Rationing My Insulin Is a Game of Chance

It was a normal morning for me at my house. It was 7 or 8 a.m., and I had been up for several hours, “haunting” the house and writing. I do my best writing when the house is quiet and waking things are asleep, when it’s dark outside and I balance the fine line between alone and loneliness. It is in these hours that I avoid social media, the news, and other distractions. However, yesterday was different.

I was in the middle of writing when my phone buzzed. I looked down at it, saw the headline, and knew I had to read it. The news report that I read left me feeling devastated. In the article, entitled “Woman says her son couldn’t afford his insulin—now he’s dead,” described how a 26-year old man with diabetes had been rationing his insulin because the costs of insulin were so high.

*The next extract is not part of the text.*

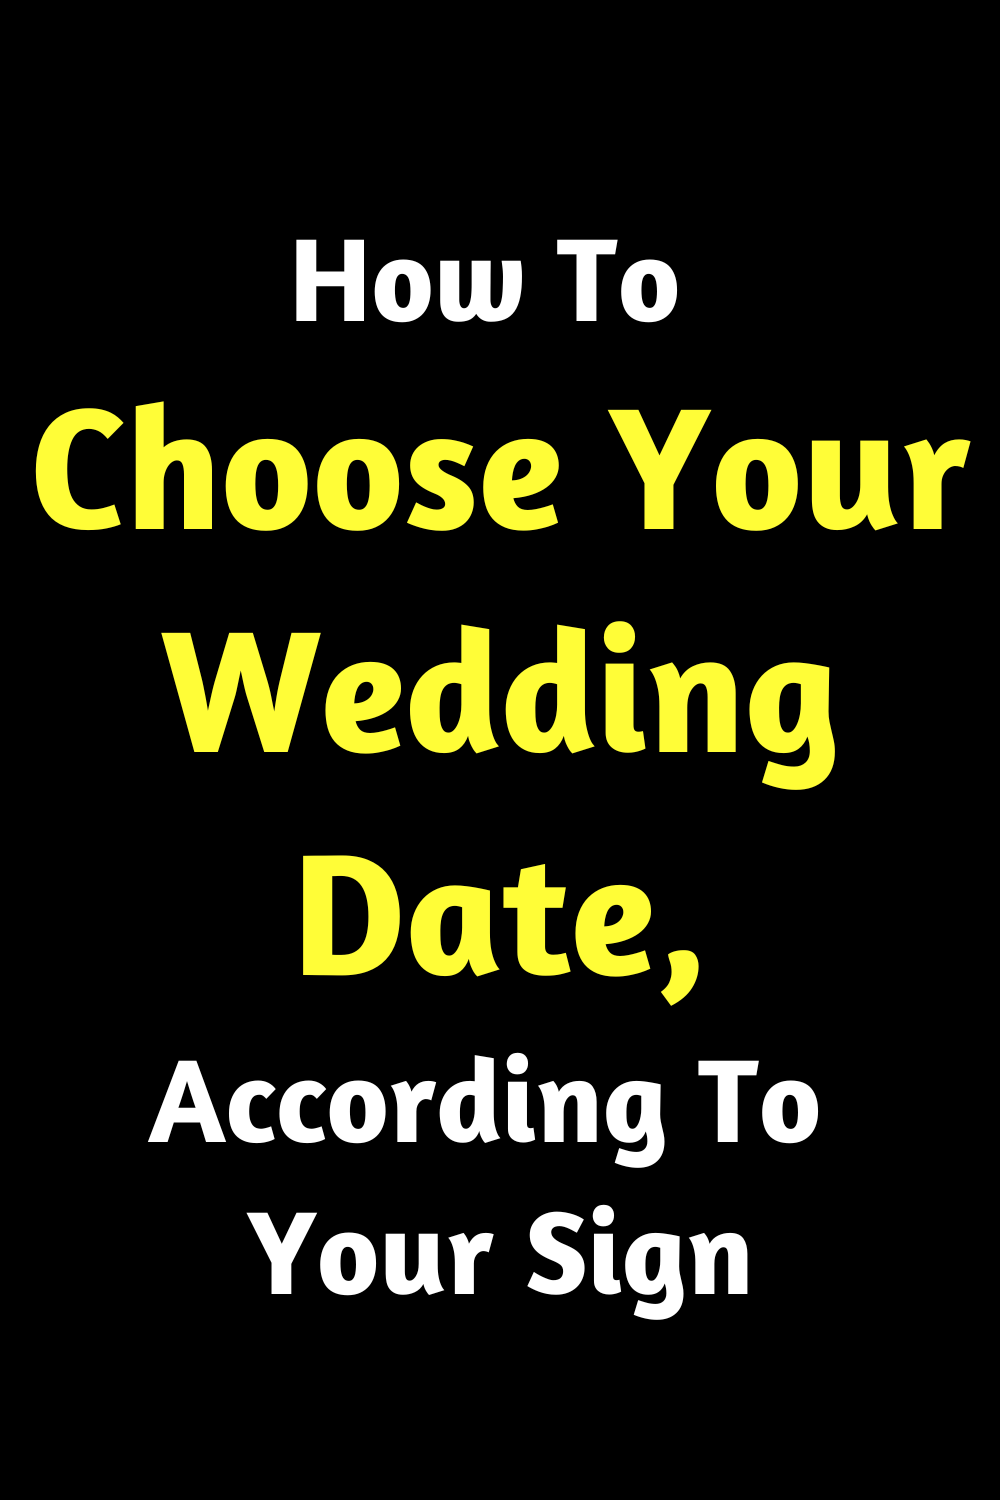 How To Choose Your Wedding Date, According To Your Sign

He had recently moved out of his parents’ house, and when he fell into a diabetic coma because of the lack of insulin, there was no one around to help him. He died.

This really struck a chord with me. At age 30, I am not a lot older than he was. I have dealt with the high price of insulin and testing supplies. I have to take insulin three times a day. And yes, I have rationed my insulin.

According to the article, the price of insulin, a life-saving drug for diabetics, tripled between 2002 and 2013. Since 2008, three of the top makers raised the list price of insulin at least 10 times. That, to me, seems outrageous, especially when we consider the fact that minimum wage hasn’t gone up half those times in as many years and, frankly, the insulin hasn’t changed. It’s the same insulin — it just costs more.

I did my own research and found that more than 100 million adults in the United States have diabetes or pre-diabetes and that 9.4 percent of Americans have diabetes, as of 2015. Black women are the third highest group (by race/ethnicity and sex) diagnosed with diabetes in the United States. These numbers are shocking to me, and not only because they affect me. I need to shout this from the rooftops.

With so many Americans living with the disease, I can only imagine how much insulin is being rationed because of the high prices. And that’s just in the United States.

I was diagnosed with diabetes less than a year ago. It is always on my brain, in the back of my mind — what foods I want versus what I can eat, how much I hate taking insulin, my numbers, do I have enough test strips, et al. The most important aspect of the diabetes that stays with me is how to afford the insulin and diabetes testing supplies. My husband has been temporarily out of work, and with that lack of income comes a lack of health insurance.

When we had insurance, it was difficult to pay the $400 a month for insulin and supplies. Without insurance, my heart skips a beat just wondering how much it would cost. But that’s the thing — I’ve rationed my insulin. I still have enough for another month and a half. By then, my husband will be working again and we’ll have insurance again. I won’t have to worry about how to afford insulin and testing supplies — until the prices of insulin rise again. I was prepared for my husband’s period of unemployment, and I skipped doses of a medication that I need to keep me alive in order to be “prepared.”

Stories like the article I read are wake up calls to me. I don’t want to die (most days), and I certainly don’t want to put my husband through the stress and grief of finding my comatose (or worse) body. Rationing insulin isn’t a wise thing to do, but we do it to survive, ironically. We do it so we can afford to pay the rent, so we can afford to eat and keep the lights on, so we can get transportation to and from work so we can pay more money for life-sustaining drugs that are overpriced. I am sad for the man who lost his life and for his mother who blames herself for not knowing that things were so bad.

But I am angrier at the pharmaceutical companies and everyone who is complicit in them getting away with charging people upwards of $1,300 for something that they need to live.